* Work instructions: Give back exactly the lines of the material below that start at the line containing "site officiel les" and end at the line containing "Antonella Whole Peeled Tomato", and no others.

* Material provided:
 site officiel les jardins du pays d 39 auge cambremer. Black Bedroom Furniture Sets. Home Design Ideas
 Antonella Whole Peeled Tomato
...
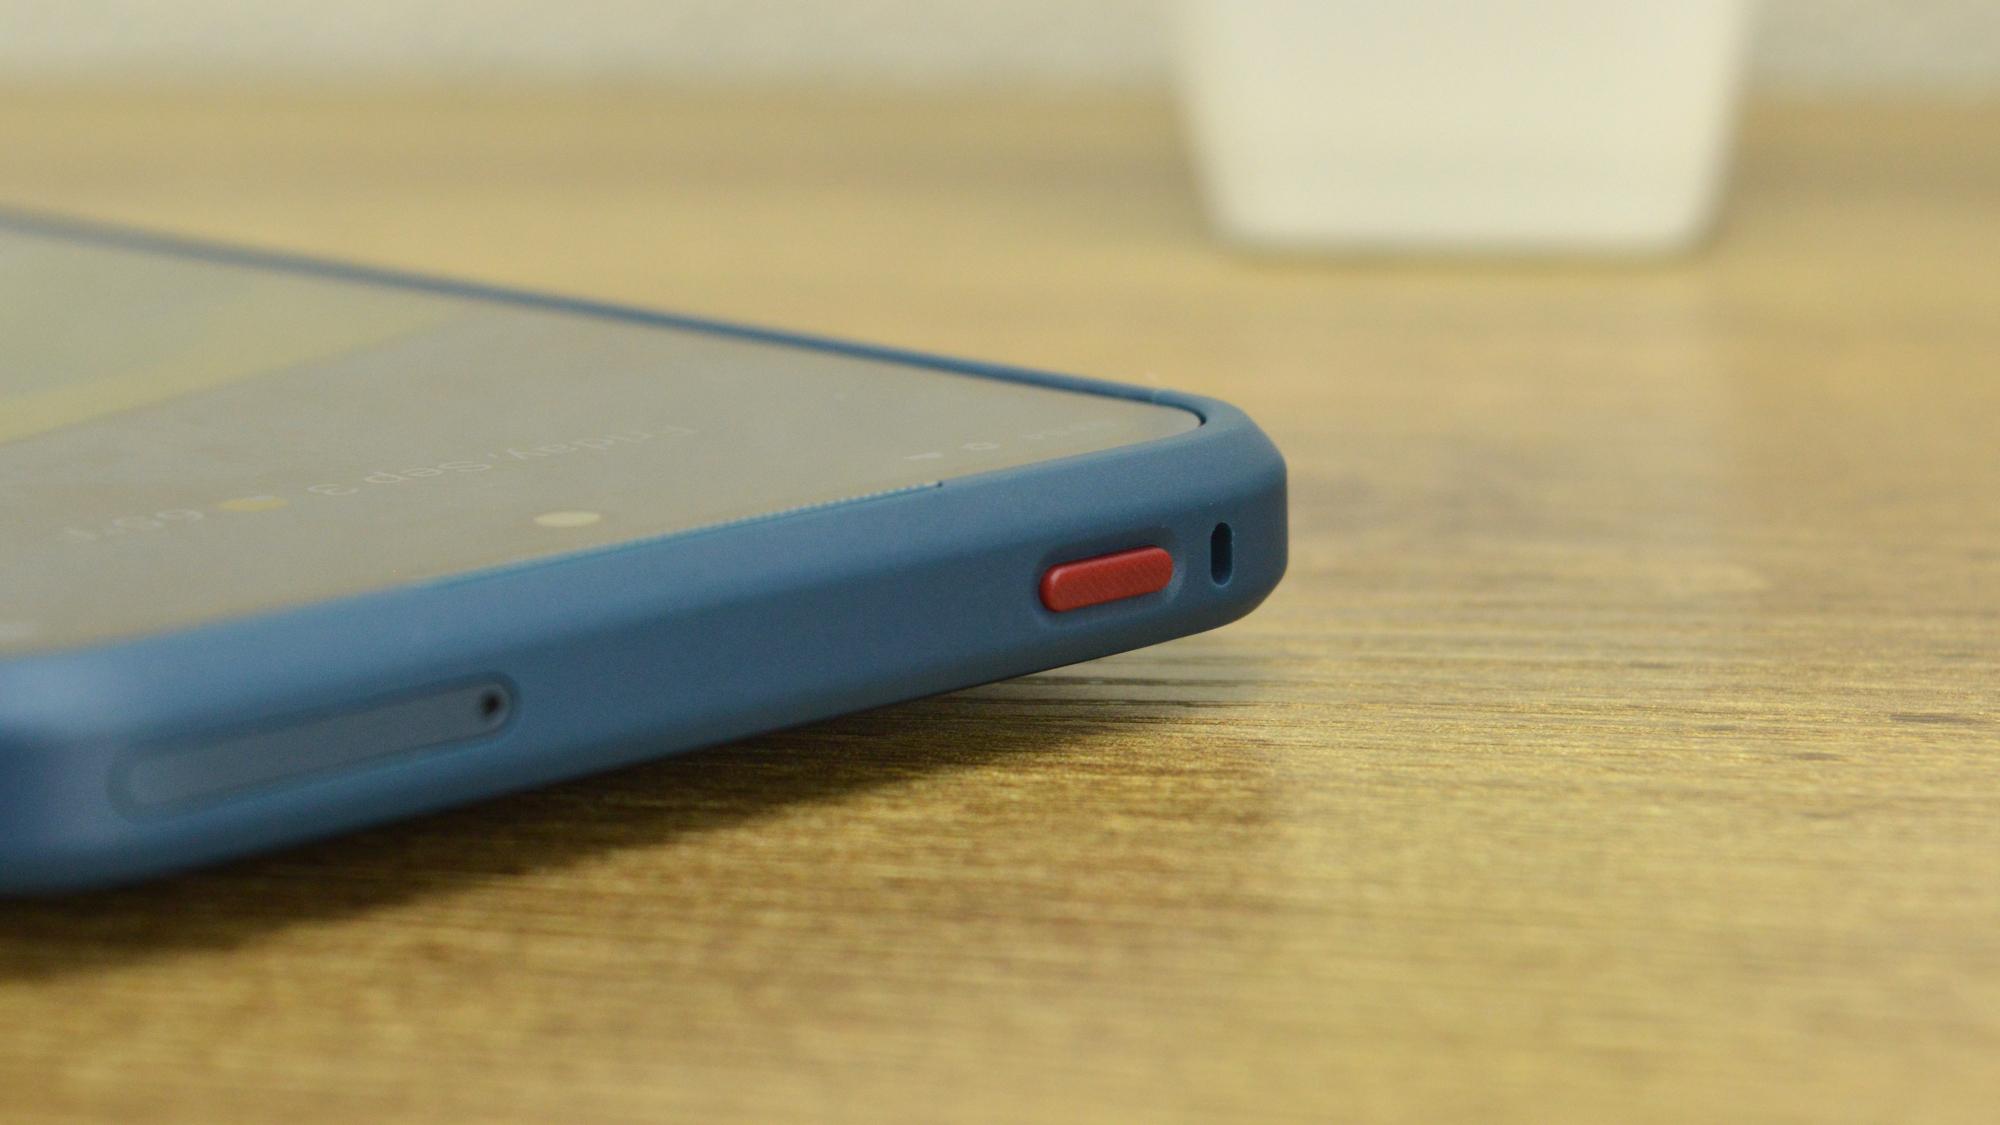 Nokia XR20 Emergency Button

* Result of this exercise:
 site officiel les jardins du pays d 39 auge cambremer. Black Bedroom Furniture Sets. Home Design Ideas
 Antonella Whole Peeled Tomato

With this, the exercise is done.